(DATASET SECTION begins)

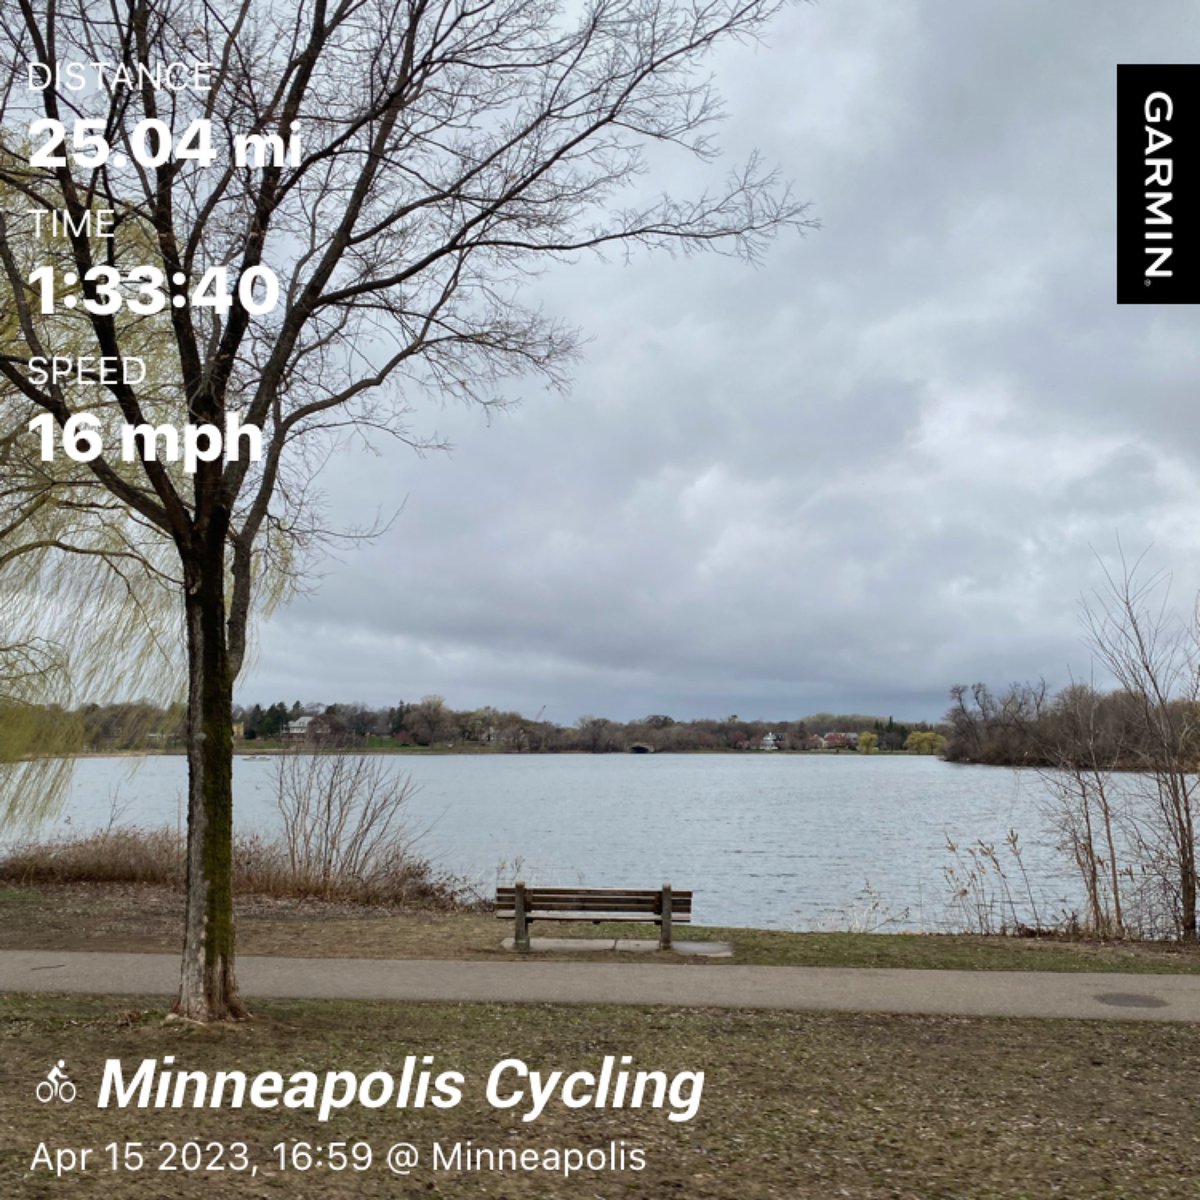 Basic Minneapolis loop; Greenway to Bde Maka Ska bike trail, past Lake Harriet to Minnehaha Parkway, to the West River Road to the Cedar Trail, Cedar Lake Parkway back to the Greenway. 

Bike trails the whole way, easy 25 miles.

#30daysofbiking  Day 15

(DATASET SECTION ends)

**WHAT TO WORK ON**
Copy out the lines beginning at the one that contains "Bike trails the whole way, easy 25 miles.". Stop at the final line of the data, and include it.

**COMPLETED EXERCISE**
Bike trails the whole way, easy 25 miles.

#30daysofbiking  Day 15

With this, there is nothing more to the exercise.